The present application claims the benefit of U.S. Provisional Application No. 61/553,109, filed on Oct. 28, 2011, and U.S. Provisional Application No. 61/555,131, filed on Nov. 3, 2011, the disclosure of such U.S. Provisional Application. The content is incorporated herein by reference in its entirety.

The electronic device can include a jack into which the plug can be inserted. The jack can include a plurality of contacts that can be accessed by the contacts when the plug is inserted into the jack. When plugged in, signals can be transmitted between the plug and the jack. For example, the electronic device can generate an audio signal that is provided from the jack to the plug, or the jack can receive the microphone signal from the plug. As the size of electronic devices continues to shrink and more features are required to incorporate more circuitry, space is increasingly being valued. Since the jack is often a necessary component included in the electronic device, a jack having a reduced footprint is required.

The present invention is directed to a split jack assembly and method of fabricating the same. A split jack assembly in accordance with an embodiment of the present invention is constructed by a tubeless pin block. The elimination (or separation) of the tube (or more specifically, the tube forming part of the pin block) allows the use of a tubeless pin group A block design that produces a jack assembly that is generally smaller in size than conventional jack assemblies that are constructed to accommodate plugs of the same size. The tubeless pin block can be used in conjunction with the curved surface of the sleeve or the outer casing of the electronics or both to provide a socket area for the split jack assembly.

100‧‧‧ jack assembly

106‧‧‧Ontology

110‧‧‧ tube

120‧‧‧Electrical contacts

150‧‧‧Shell

200‧‧‧Separate jack assembly

210‧‧‧No management block

212‧‧‧Block stop butt joint

220‧‧‧ tube

222‧‧‧ hole

230‧‧ ‧ spring load pin

232‧‧‧ Keep selling

240‧‧‧bending butt joint members

242‧‧‧Bending plane

250‧‧‧ Shell

251‧‧‧ first surface member

252‧‧‧Second surface member

253‧‧‧ side wall

510‧‧‧No management block

540‧‧‧bending butt joint members

550‧‧‧ Shell

553‧‧‧ inner surface

700‧‧‧ tube

710‧‧‧1

722‧‧‧ hole

750‧‧‧ tube

760‧‧‧1

762‧‧‧ ribs

772‧‧‧ hole

800‧‧ ‧ sales block

810‧‧‧Bending members

812‧‧‧ protruding member

814‧‧ ‧ sales

820‧‧‧ tube

823‧‧‧ slot

1A-1C show several illustrative views of a conventional integrated tube jack assembly; FIGS. 2A-2C show several views of a split jack assembly in accordance with an embodiment of the present invention; FIGS. 3A-3C Several illustrative views of a tubeless pin block in accordance with an embodiment are shown; Figures 4A-4B show two illustrative views of a tube in accordance with an embodiment; Figure 5 shows incorporation into the interior of a housing in accordance with an embodiment A partial cross-sectional view of a split jack assembly; FIG. 6 shows an illustrative flow diagram for manufacturing a jack assembly in accordance with an embodiment; and FIGS. 7A-7B and 8A-8B show various embodiments in accordance with various embodiments It can be incorporated into the illustrative interlocking features in the tube and pin block.

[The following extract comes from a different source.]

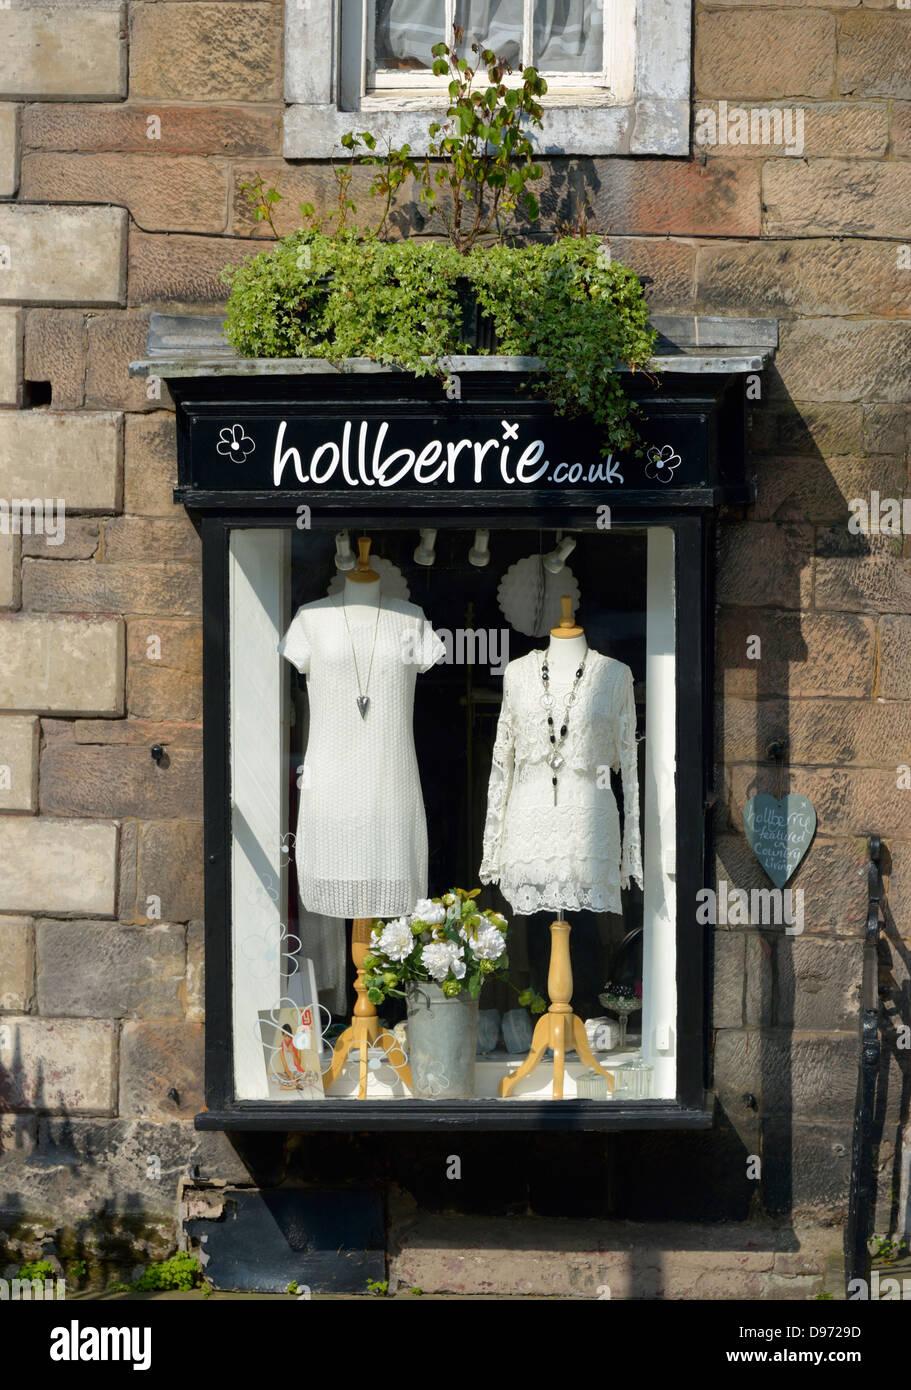 'Hollberrie', dress shop window. Boroughgate, Appleby-in Westmorland, Cumbria, England, United Kingdom, - Stock Image

The above and other objects and advantages of the present invention will be apparent from the description of the appended claims.

The split jack assembly in accordance with various embodiments is constructed by a tubeless pin block. The elimination (or separation) of the tube (or more specifically, the tube forming part of the pin block) allows the use of a tubeless pin block design that produces a plug that is less than the total size configured to accommodate the same size The hub assembly of the conventional jack assembly. The tubeless pin block can be used in conjunction with the curved surface of the sleeve or the outer casing of the electronics or both to provide a socket area for the split jack assembly.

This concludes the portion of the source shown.